Work request => Print exactly the lines below between the line containing "Mossberg Rifle in 6.5 Creedmoor" and the line containing "Charlie Brown Halloween kifestő", counting both of those lines. Leave pictures out.

Input records =>
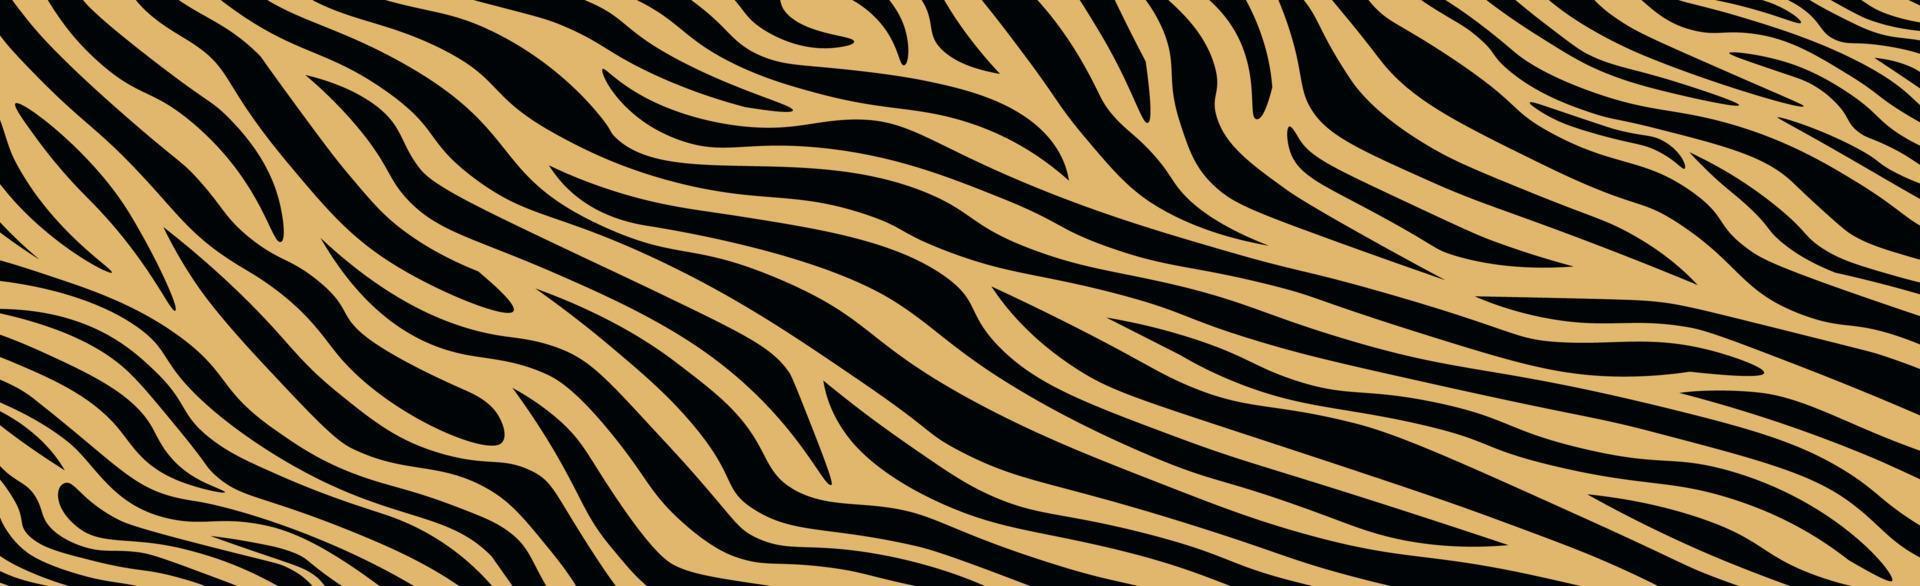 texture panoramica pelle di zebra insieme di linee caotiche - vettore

---

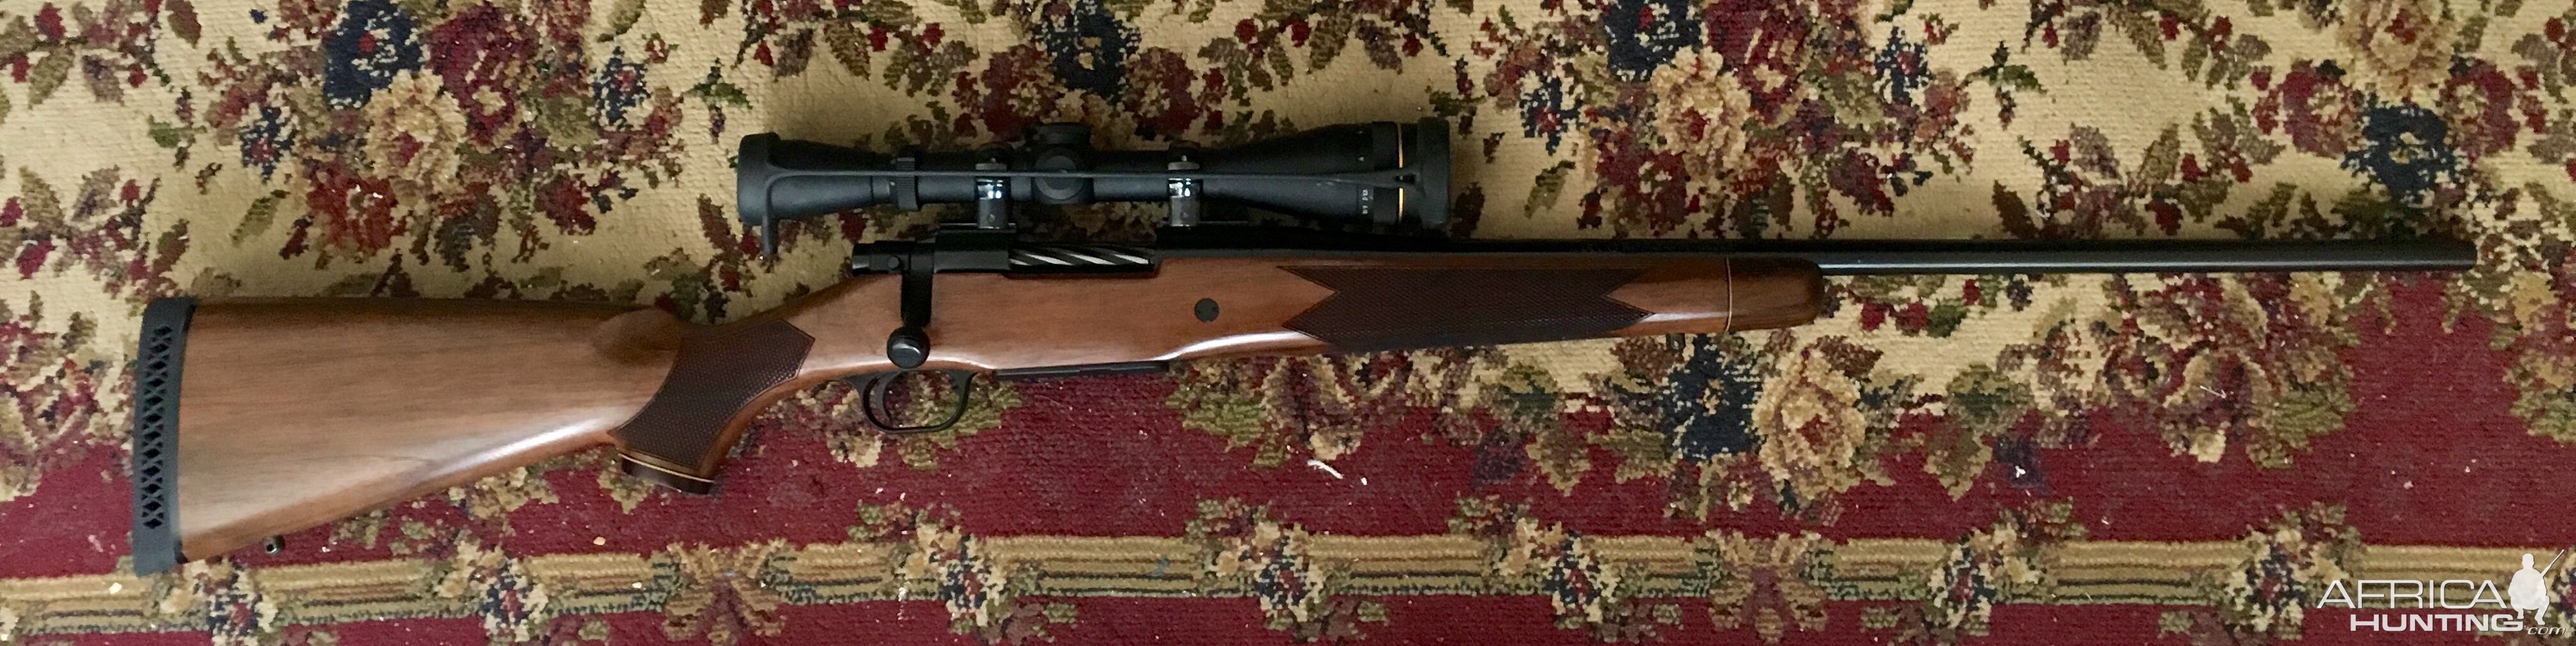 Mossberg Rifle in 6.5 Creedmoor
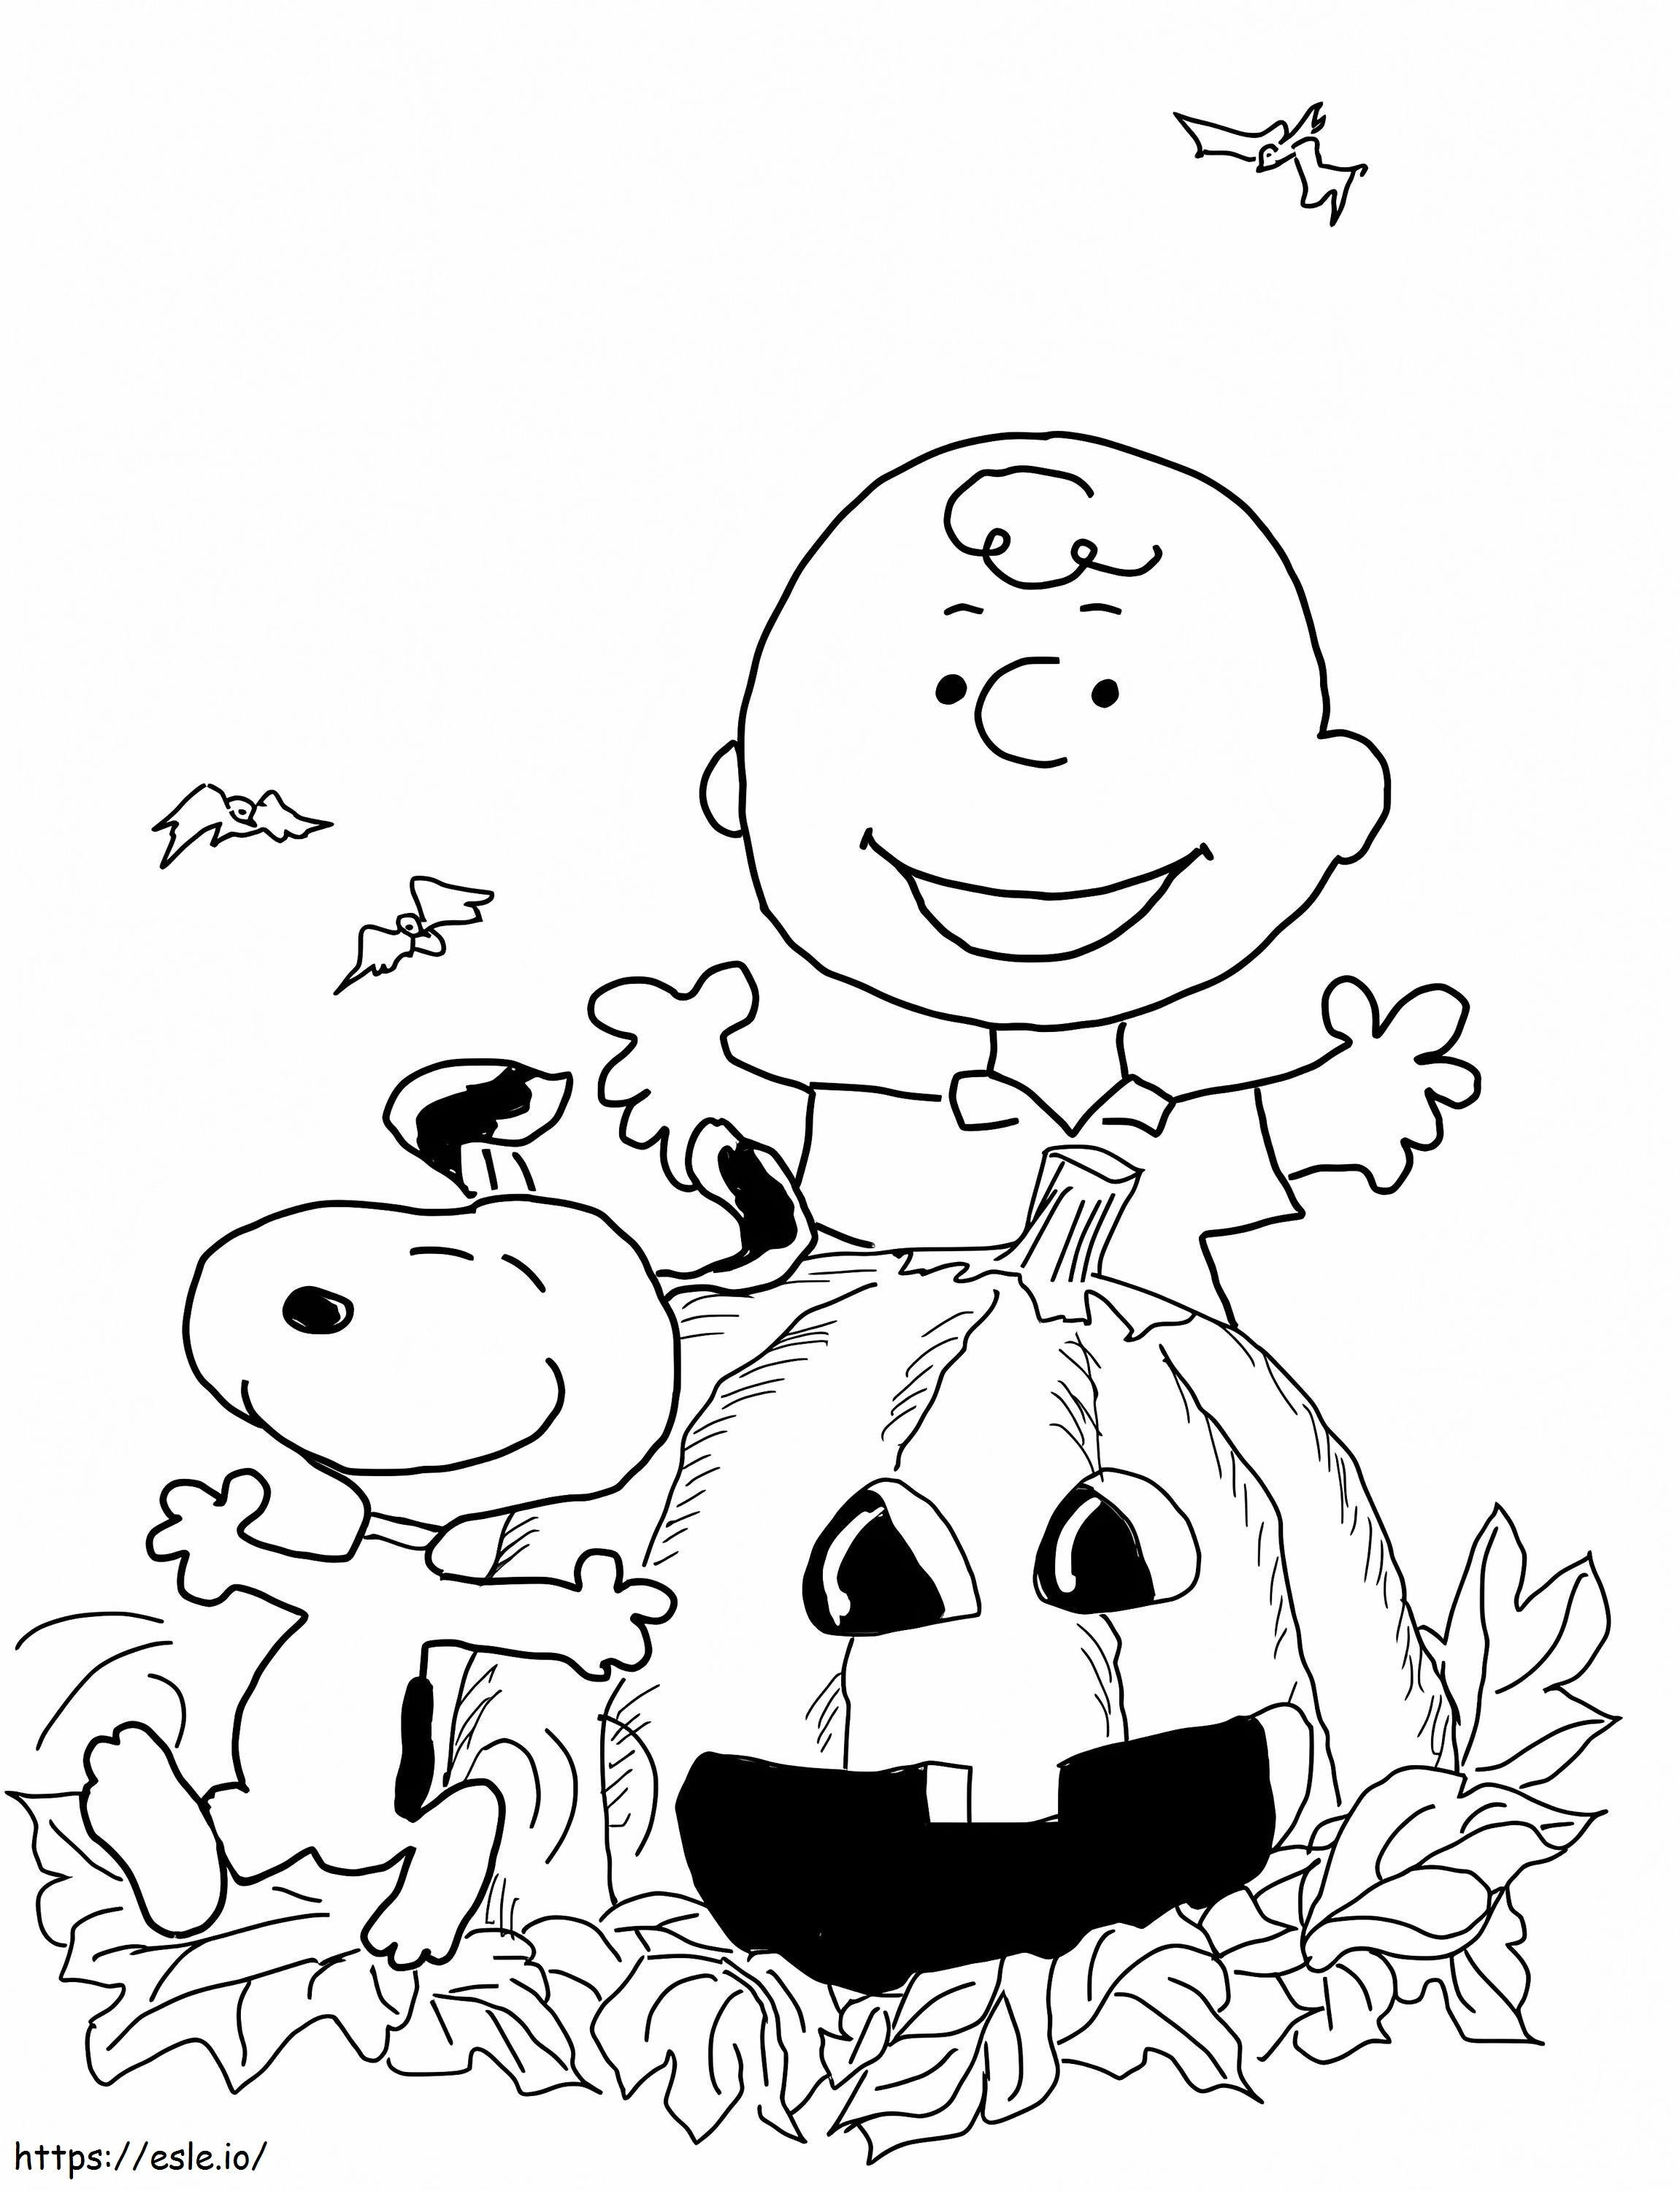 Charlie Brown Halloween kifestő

--

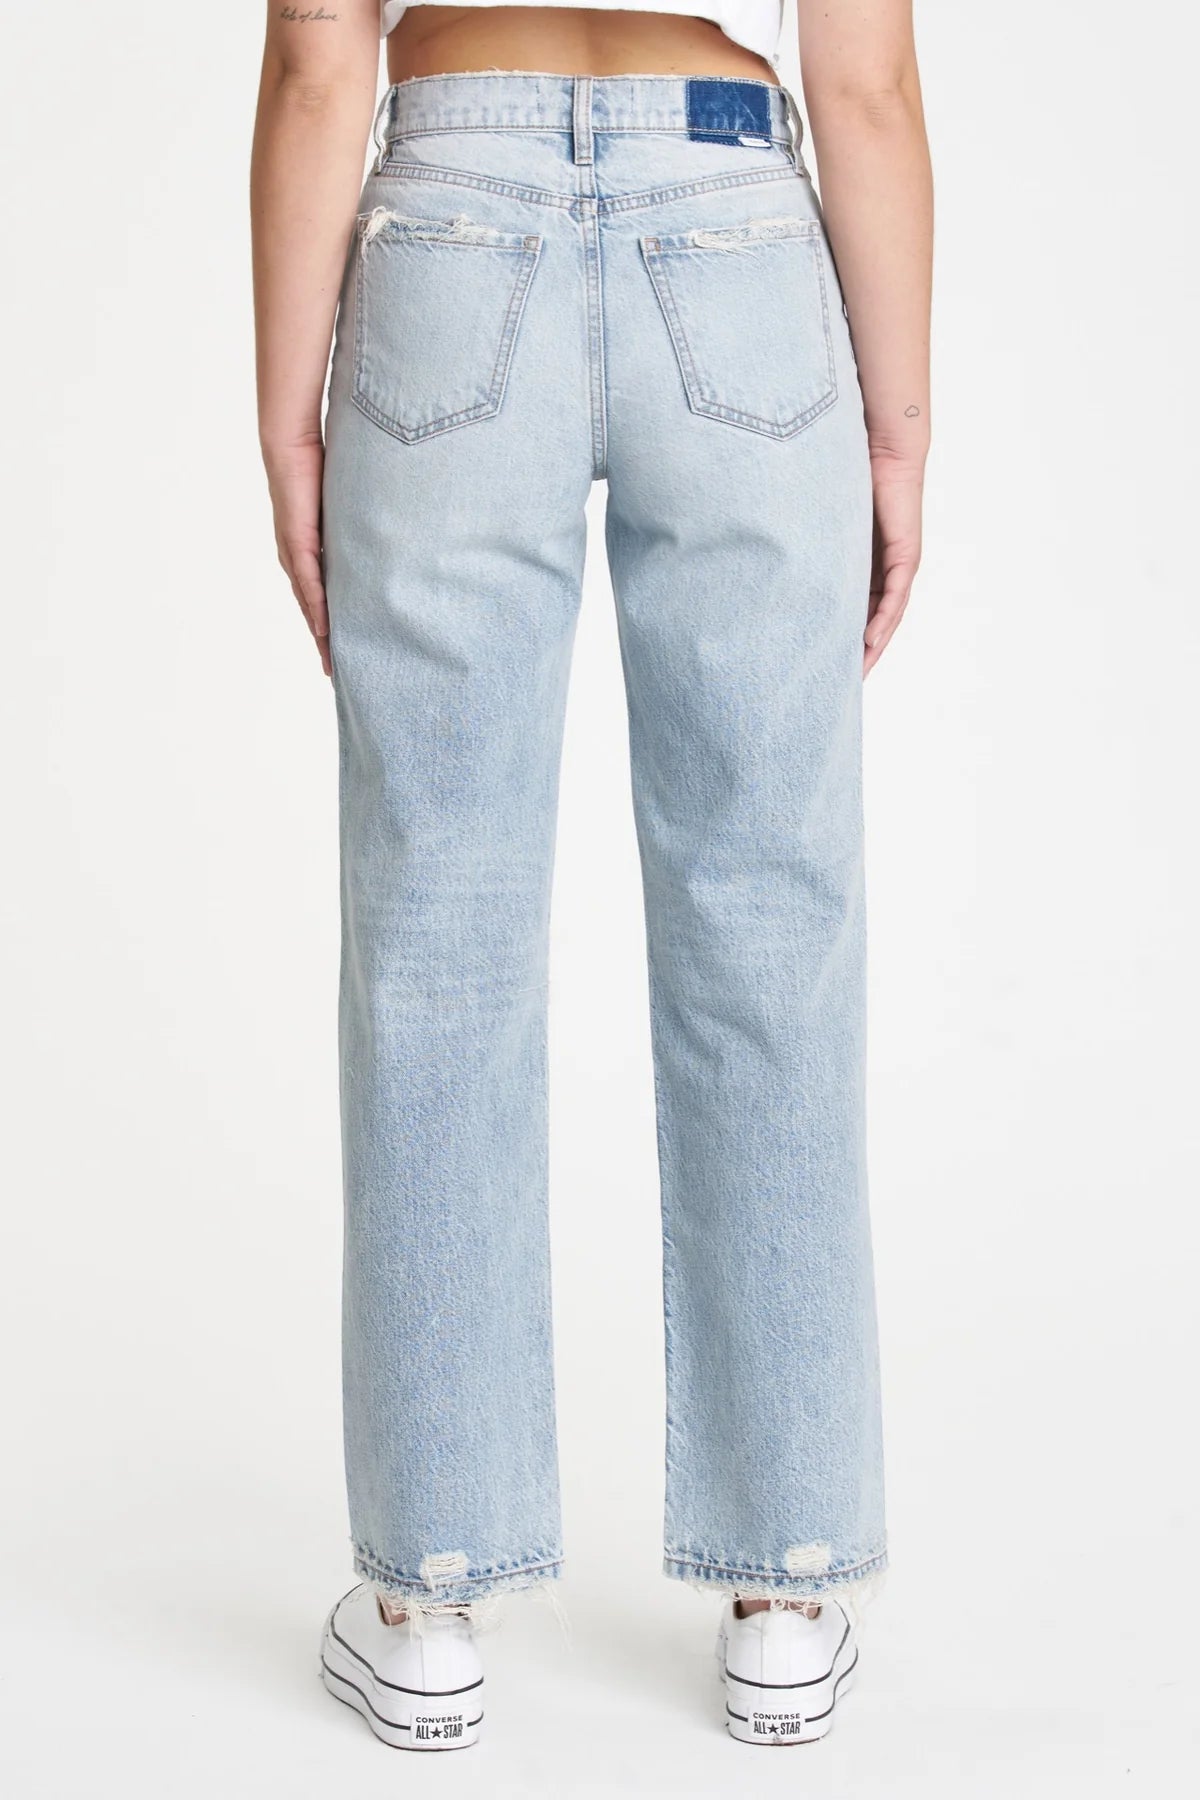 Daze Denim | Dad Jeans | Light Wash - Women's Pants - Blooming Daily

Solution to this exercise =>
 Mossberg Rifle in 6.5 Creedmoor
 Charlie Brown Halloween kifestő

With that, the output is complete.